Uneasy times demand uneasy music.
The world is in turmoil. And so are many of us. No matter what perspective we take, what used to be familiar is becoming increasingly alien, oscillating widely between peril and hope, between regression and progress, between standstill and explosive change. Tensions are running high for all of us. But we can’t endure this strain for very long: we are worn down by the overload of polarised politics, of self-righteous agitation, of digital deceit, of neglect and unbridled narcissism paired with authoritarianism, of unevaluated technologies disrupting the fabrics of our community, of the libertarian recklessness of their apologists, of environmental crisis and pervasive violence.

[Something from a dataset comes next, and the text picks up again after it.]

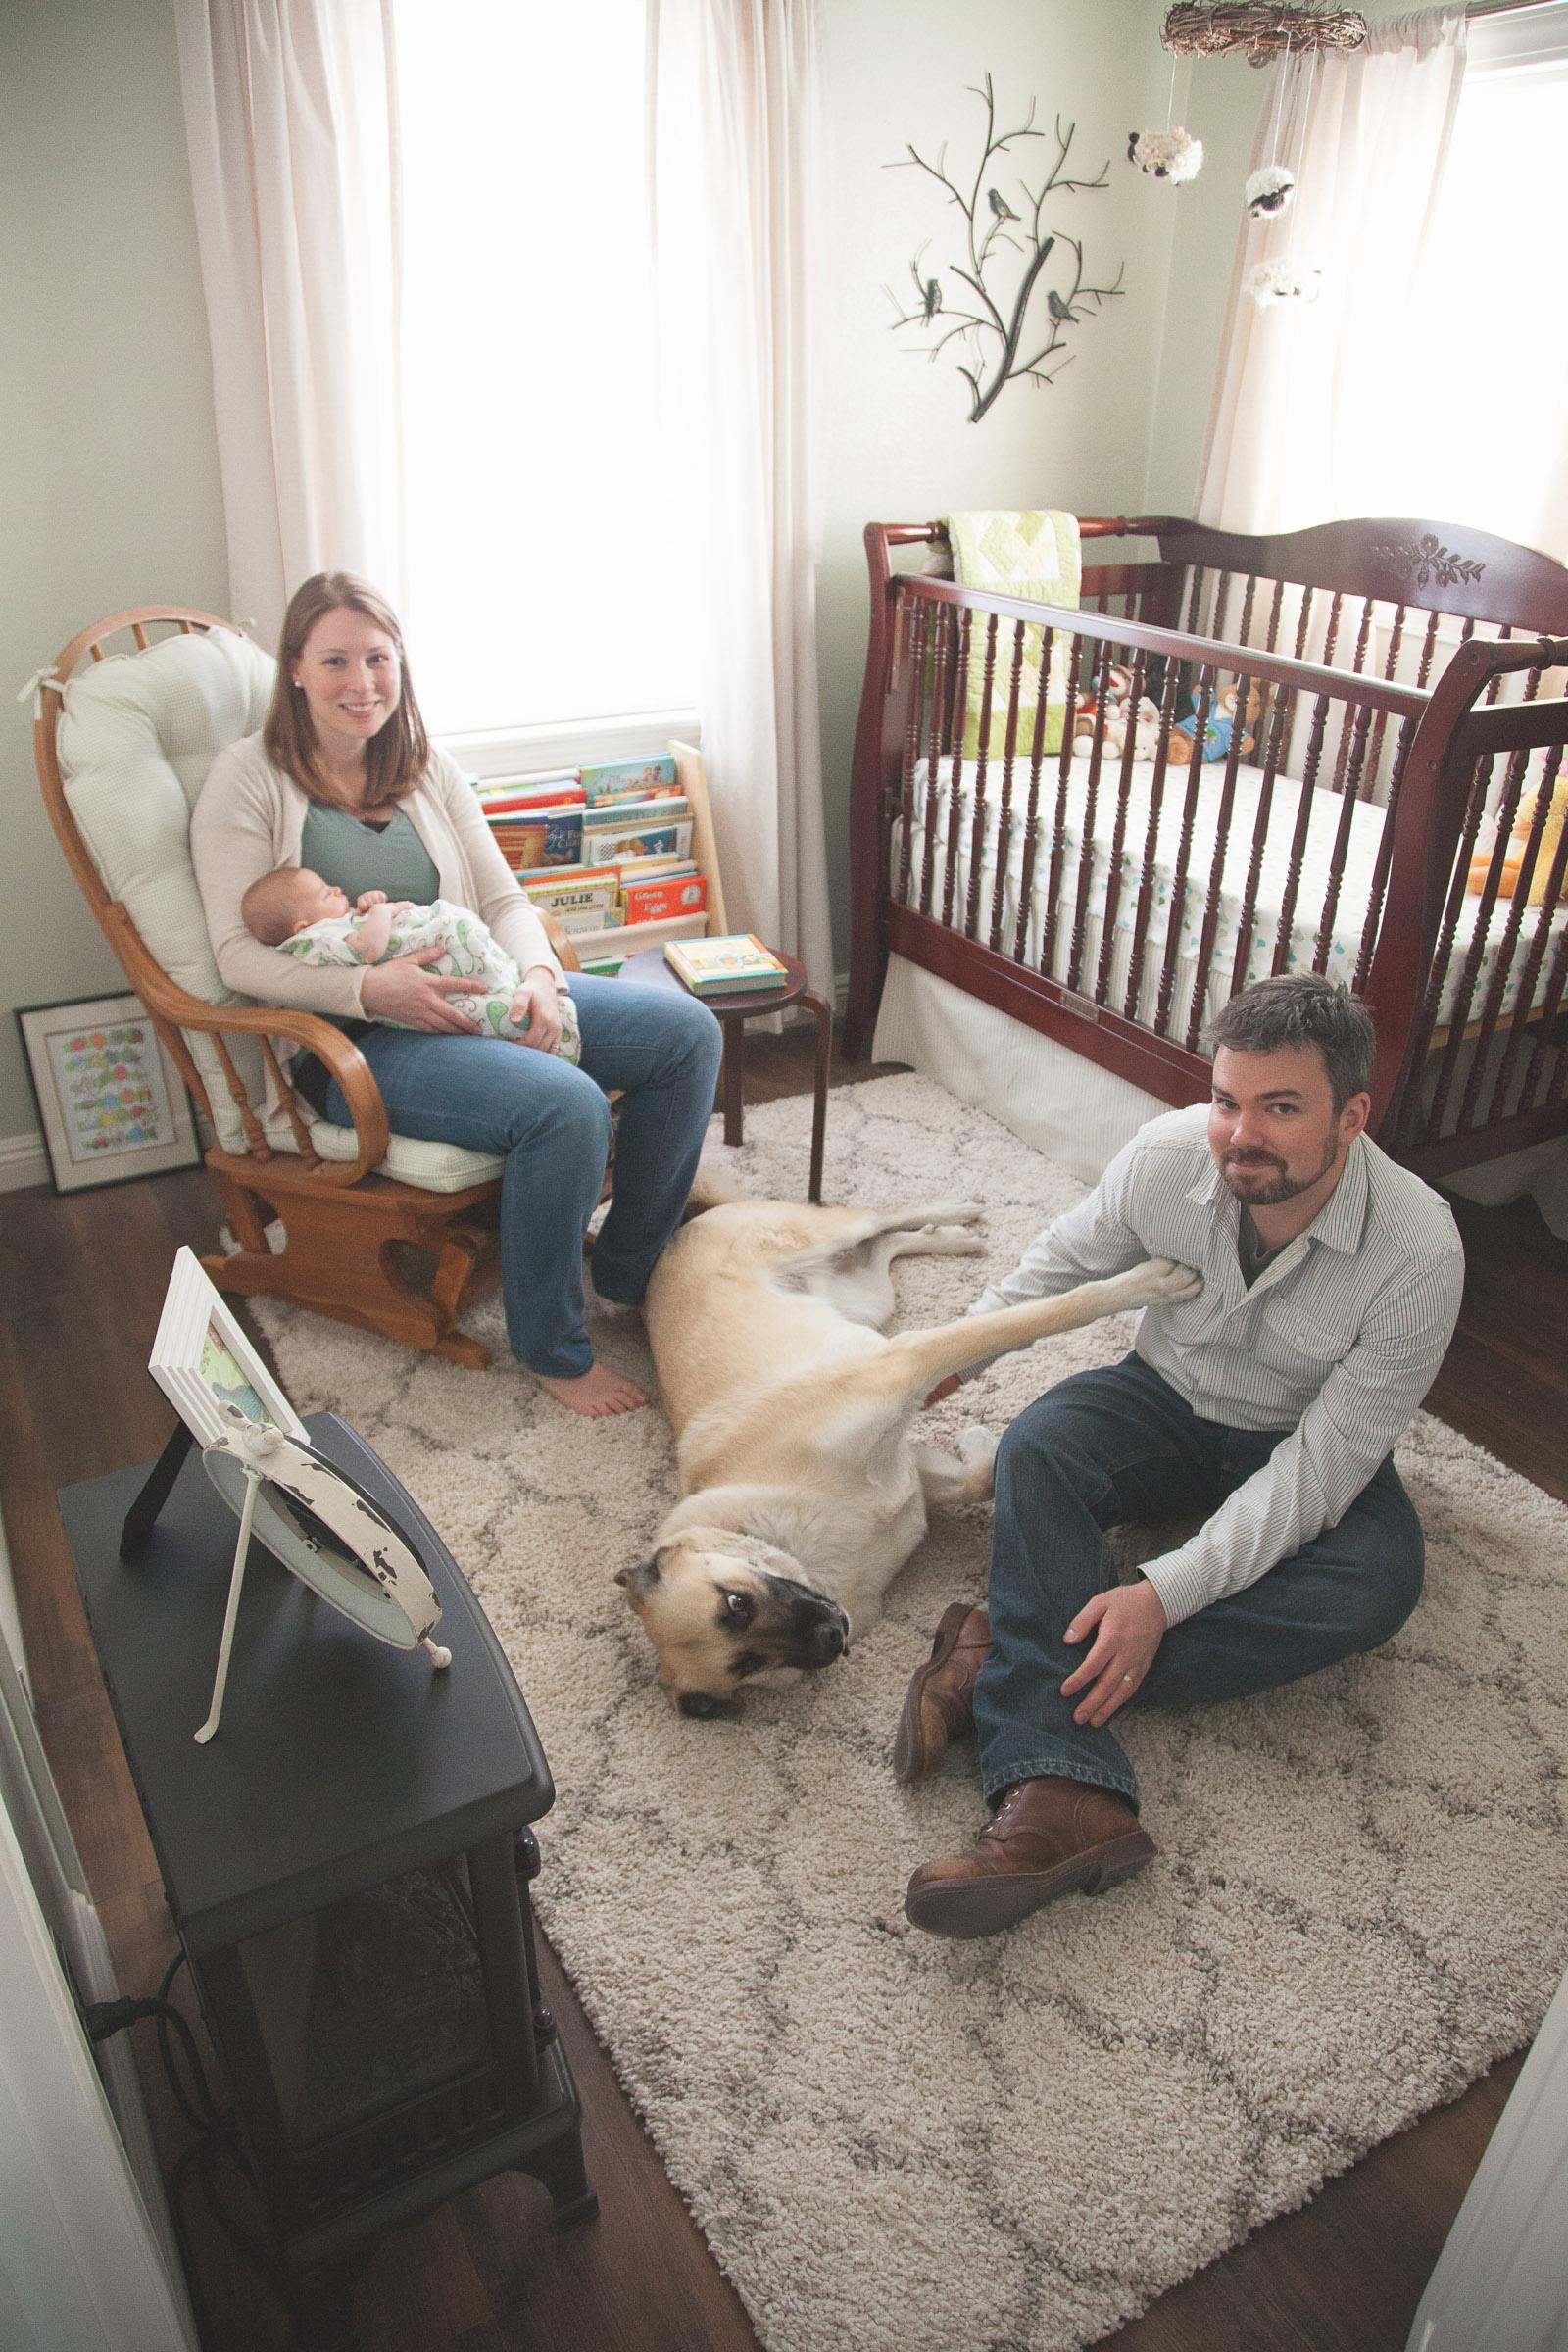 012-nursery-baby-family-birds-sleeping-woodland-new-mexico-farmington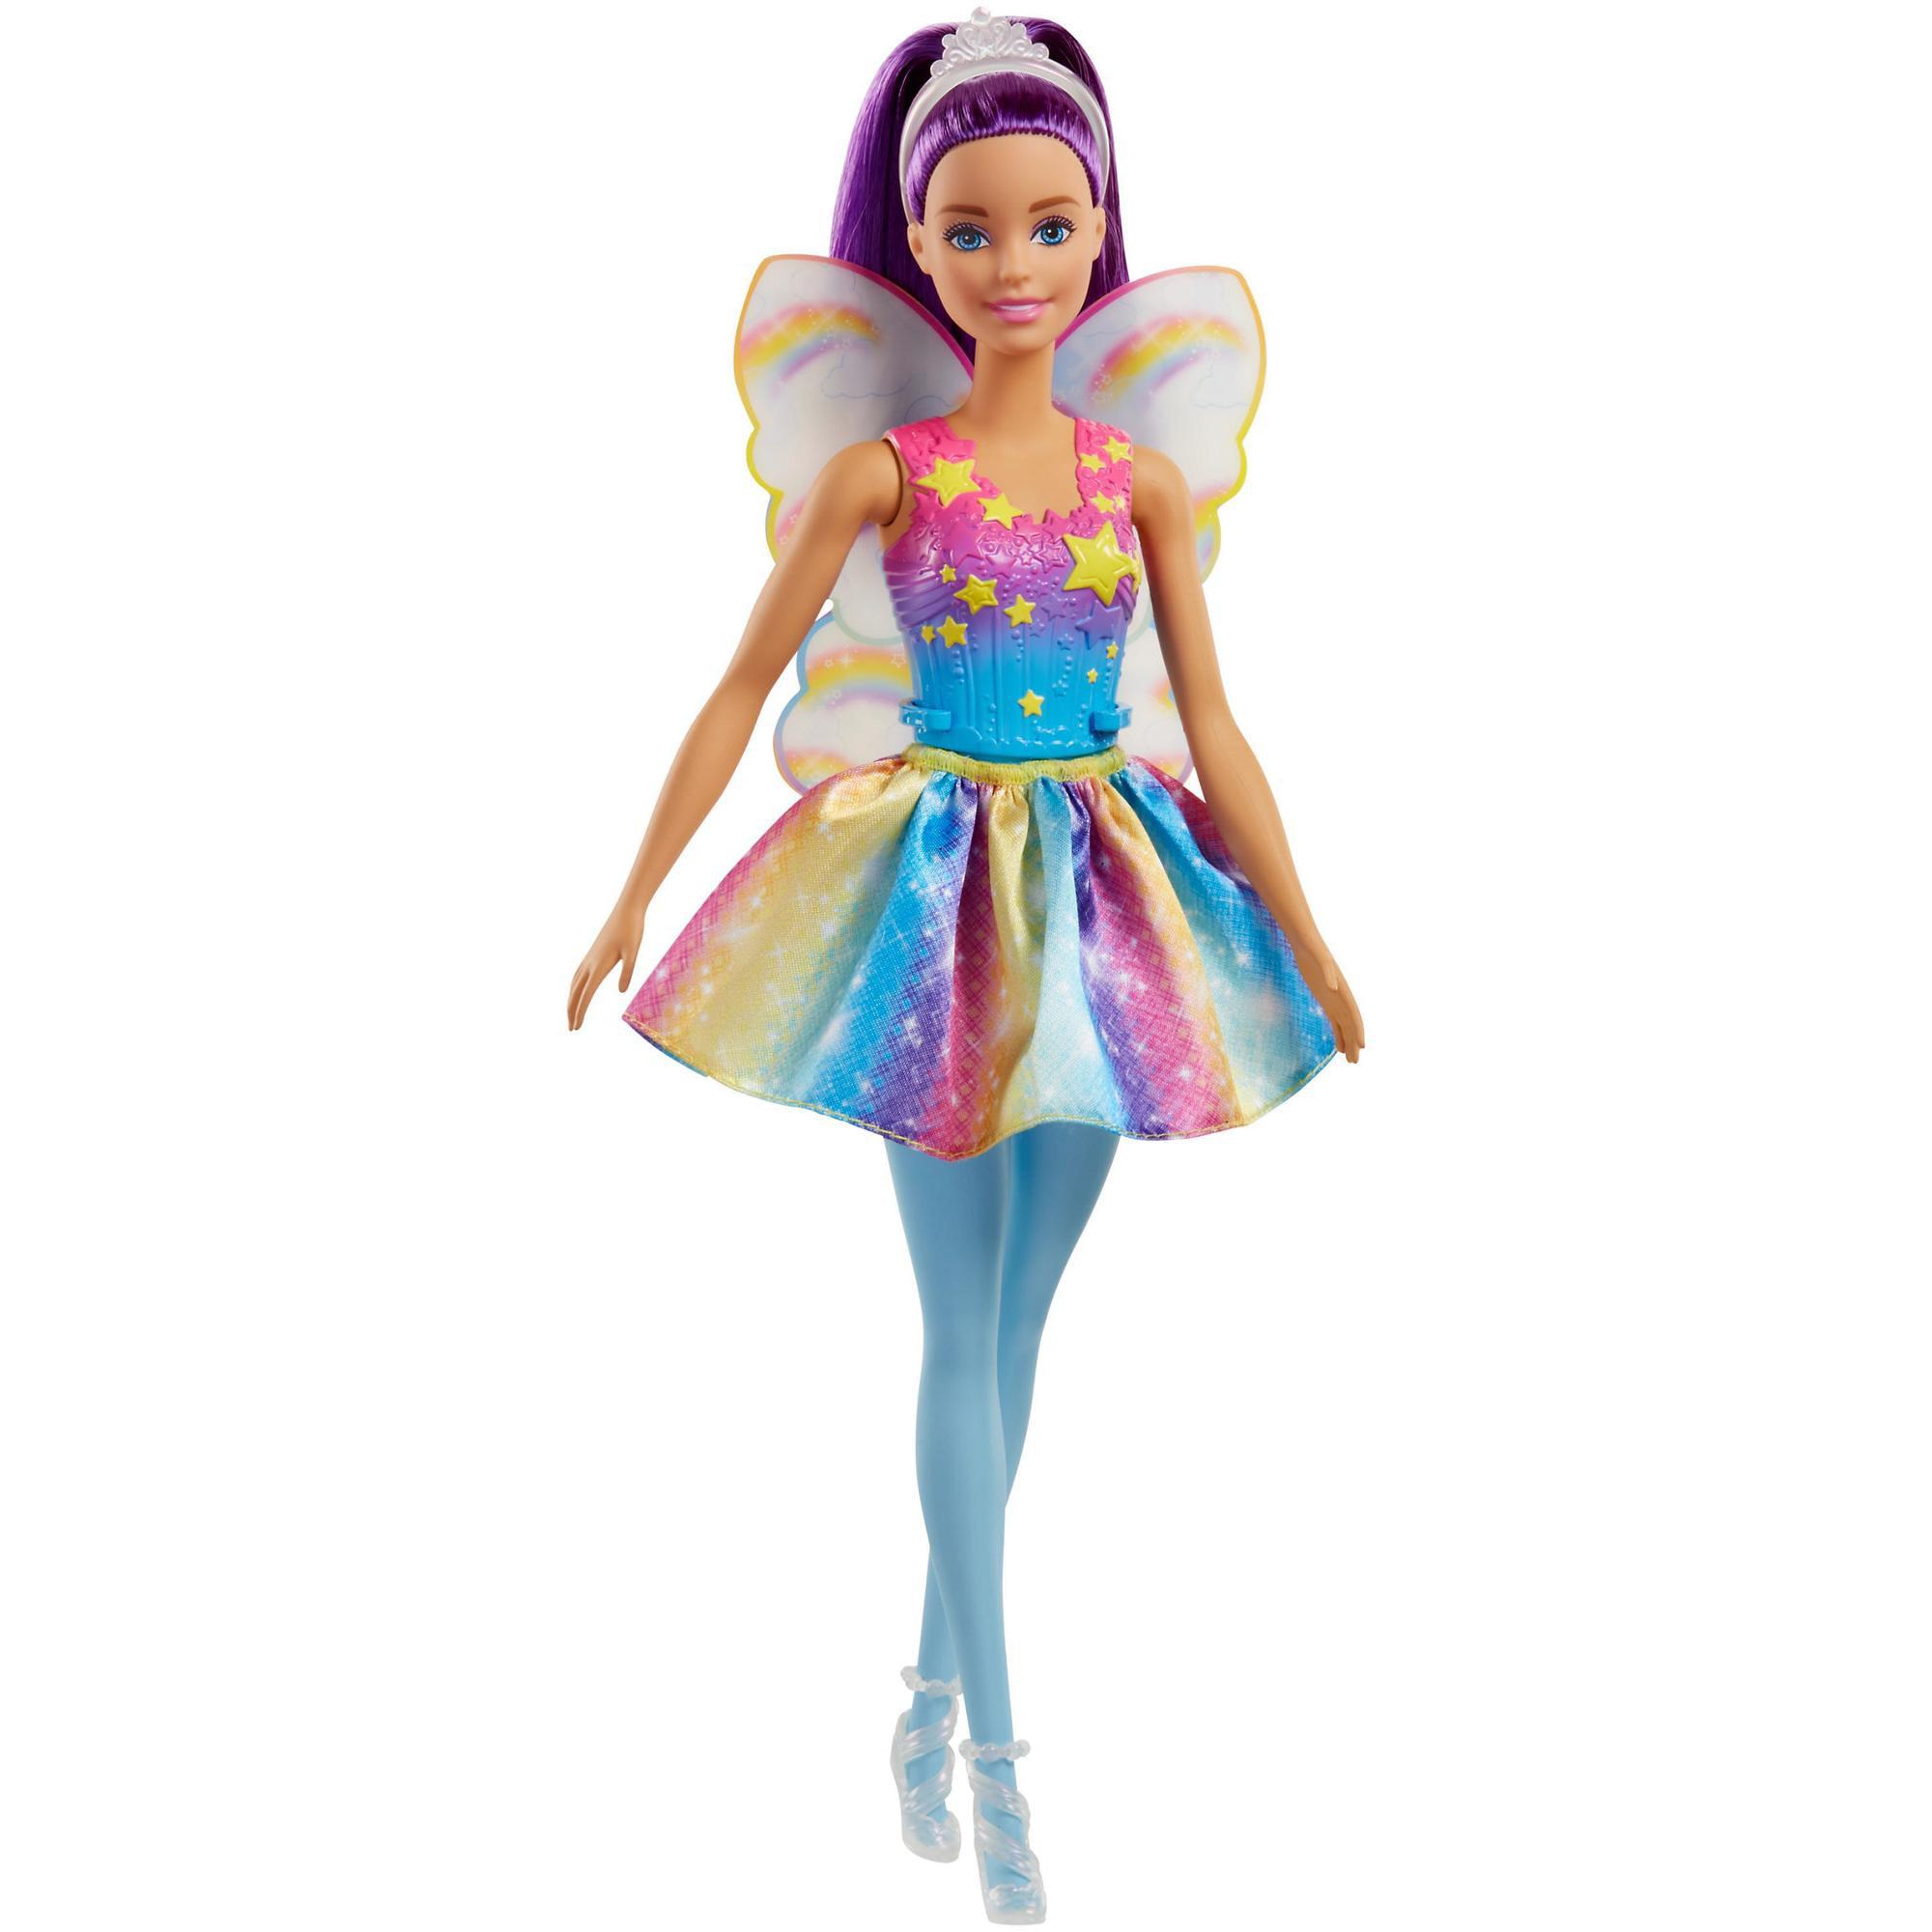 Barbie Dreamtopia Fairy Doll with Purple Hair & Rainbow Wings by Barbie

All the while, we try to engage with the new complexities of a multipolar world and its increasingly diverse societies, and attempt to distinguish vapid “virtue signaling” from earnest commitment. Squeezed under an almost inescapable regime of permanent excitation, we burn out, we retreat, and we can’t help but to normalise the madness, the pace, the anxiety. Yet, masking the turmoil comes at a price too – a creeping, subterranean unease gains traction and eats away at us
In such a situation, what can we hope to get from music?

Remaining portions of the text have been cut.